Stablecoin Tokenomics: Models, Formulas, and Terra Lessons

Four stablecoin models — fiat-backed, algorithmic, hybrid, and CDP. Peg mechanics, the UST crash analysis, and USDC/DAI/FRAX comparison.

16 April 2026 9 min read

A stablecoin is a token designed to maintain a stable exchange rate against an external asset (usually the dollar). From a tokenomics perspective, it’s an extreme case: a token where price stability is the primary function, not a side effect. Stablecoin tokenomics defines how the peg is maintained, what incentives participants have, and where the failure points are.
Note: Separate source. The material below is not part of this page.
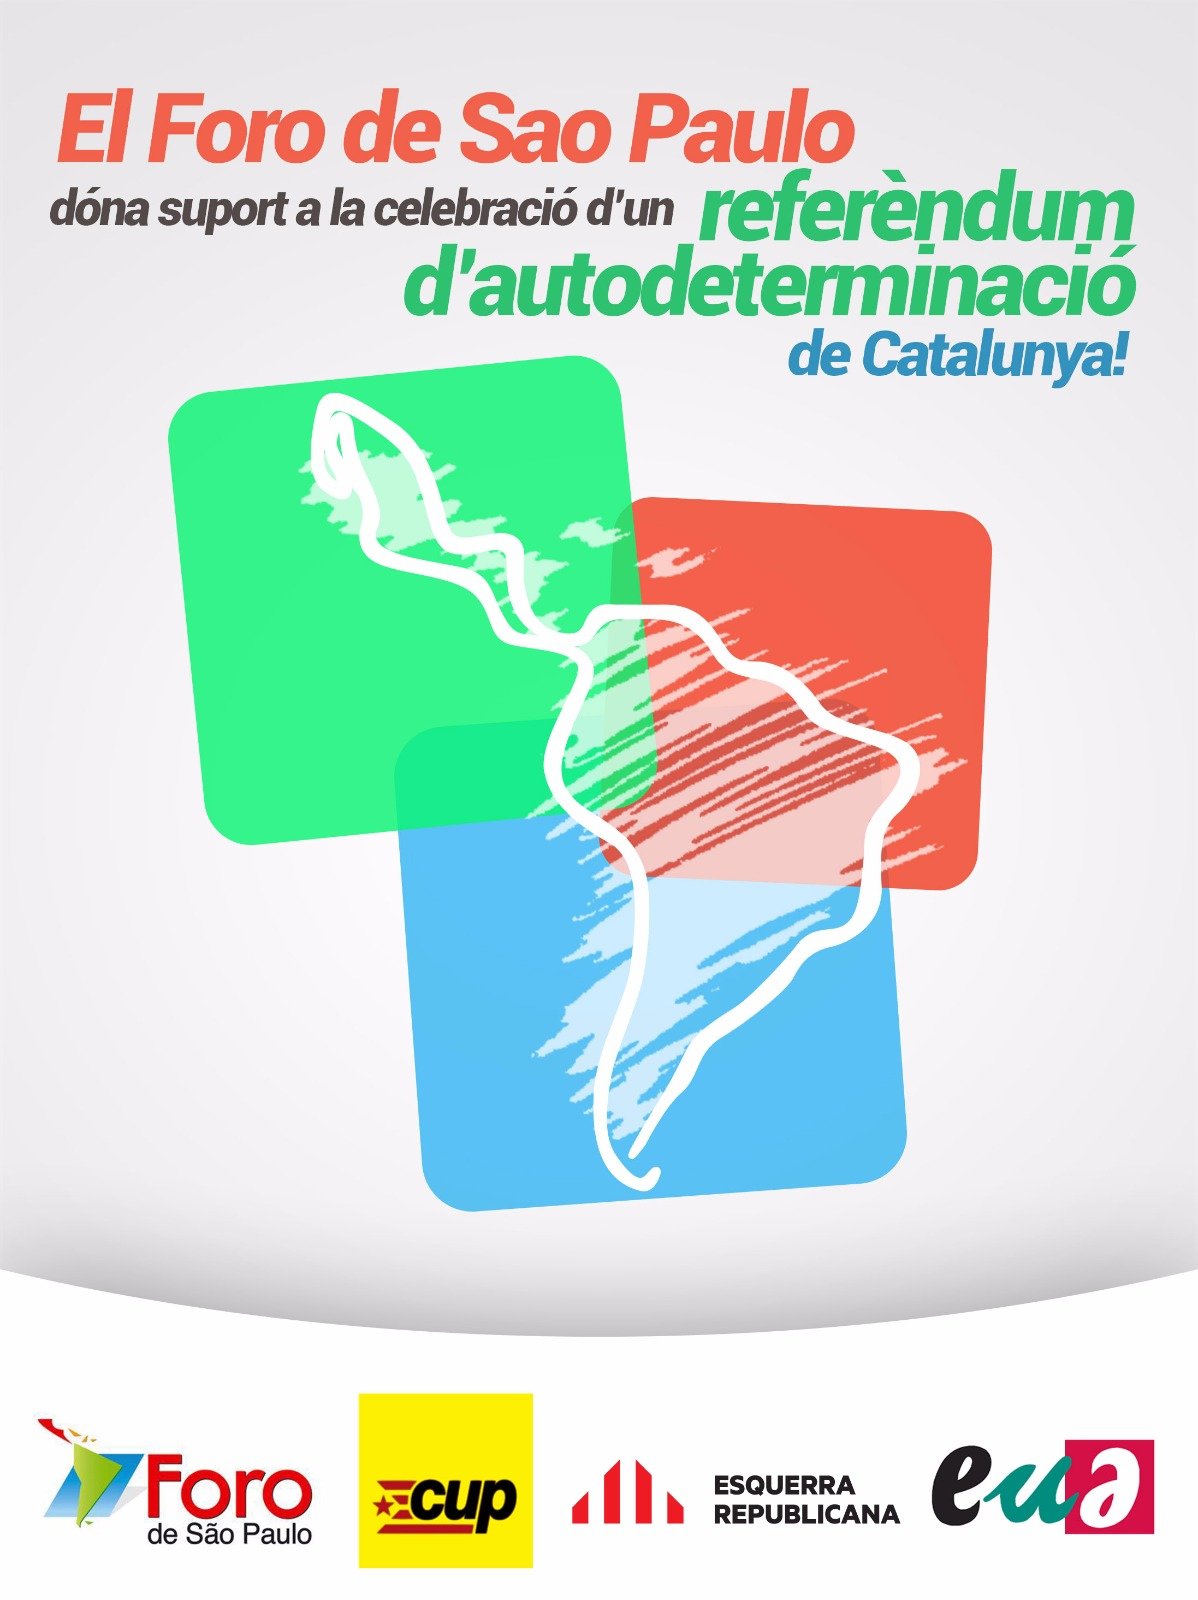 La izquierda latinoamericana, a favor del referéndum
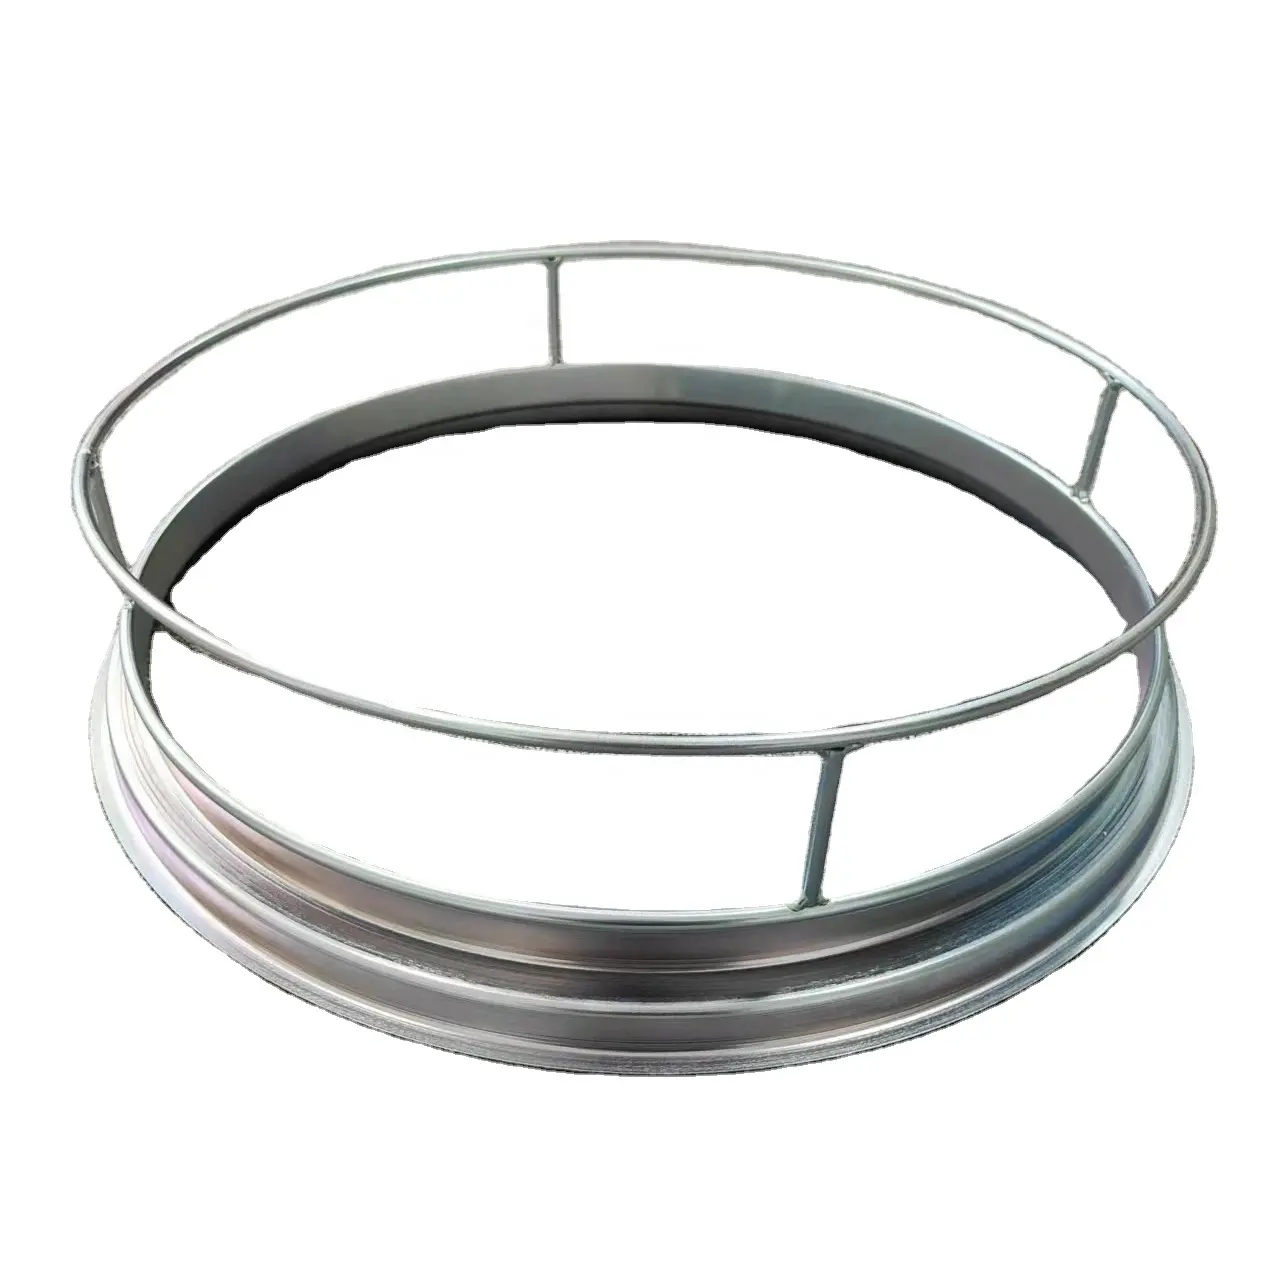 Individuelle CNC Blechfertigung industrieller Metallspinnbereich Kreisförmiger Rahmen Bauteil Spinnteile

Why Stablecoins Are a Tokenomics Problem

A stablecoin is not simply “a token equal to a dollar.” Behind every stablecoin is an economic mechanism that maintains the peg, and that mechanism is pure tokenomics:

Supply model — how stablecoins are created and destroyed
Demand model — why hold a stablecoin rather than dollars in a bank account
Stabilization mechanism — how the system returns the price to the peg after deviations
Participant incentives — who maintains the peg and why it’s profitable for them

Market scale

Total stablecoin market cap exceeds $300B (2025–2026). USDT and USDC account for over 80% of the market. Decentralized stablecoins (DAI, FRAX, GHO, crvUSD) make up less than 10%, but they’re the most interesting from a tokenomics standpoint since their peg mechanism is entirely on-chain.

Four Stablecoin Models

Model 1: Full Fiat Backing

The simplest model: each stablecoin is backed by a dollar (or equivalent) in a bank account.

Mechanics:

User sends $1 to the issuer
Issuer mints 1 stablecoin
On redemption: user surrenders the stablecoin → receives $1

Peg condition: Reserves >= Supply_stablecoin

The peg holds as long as reserves cover supply
Failure point: if Reserves < Supply, a bank run begins

Examples: USDC (Circle), USDT (Tether), PYUSD (PayPal)

Tokenomics:

The issuer earns interest by investing reserves in treasury bonds
Users receive no yield (revenue goes to the issuer)
No governance token (centralized model)

Advantage	Disadvantage
Simple and understandable	Centralization (issuer can freeze funds)
Stable peg	Counterparty risk (issuer’s bank)
Scalable	Regulatory risk (MiCA, SEC)

Model 2: Crypto-Collateralized (CDP)

CDP (Collateralized Debt Position) is a decentralized model where stablecoins are minted against crypto collateral.

Mechanics:

User locks ETH (or another asset) in a smart contract
Receives stablecoins worth less than the collateral value (overcollateralization)
To reclaim collateral: return the stablecoins + pay interest
If collateral value drops below threshold — liquidation

Collateral_ratio = Collateral_value / Debt_value

Minimum collateral ratio: typically 150% (DAI); crvUSD uses soft liquidations (LLAMMA) instead of a fixed threshold
When ratio < minimum → automatic liquidation

Max_borrow = Collateral_value / Ratio_min

Example: $10,000 ETH collateral at 150% ratio → max borrow $6,667
In practice, users maintain 200–300% ratios for safety margin

Examples: DAI / USDS (MakerDAO / Sky), crvUSD (Curve), GHO (Aave), LUSD / BOLD (Liquity V1 / V2)

Participant incentives:

Participant	Action	Incentive
Borrower	Locks collateral, mints stablecoin	Gets liquidity without selling the asset
Liquidator	Buys undercollateralized positions	Gets collateral via Dutch auction; borrower pays a 13% liquidation penalty
DSR holder	Deposits stablecoin in savings module	Earns interest (DAI Savings Rate)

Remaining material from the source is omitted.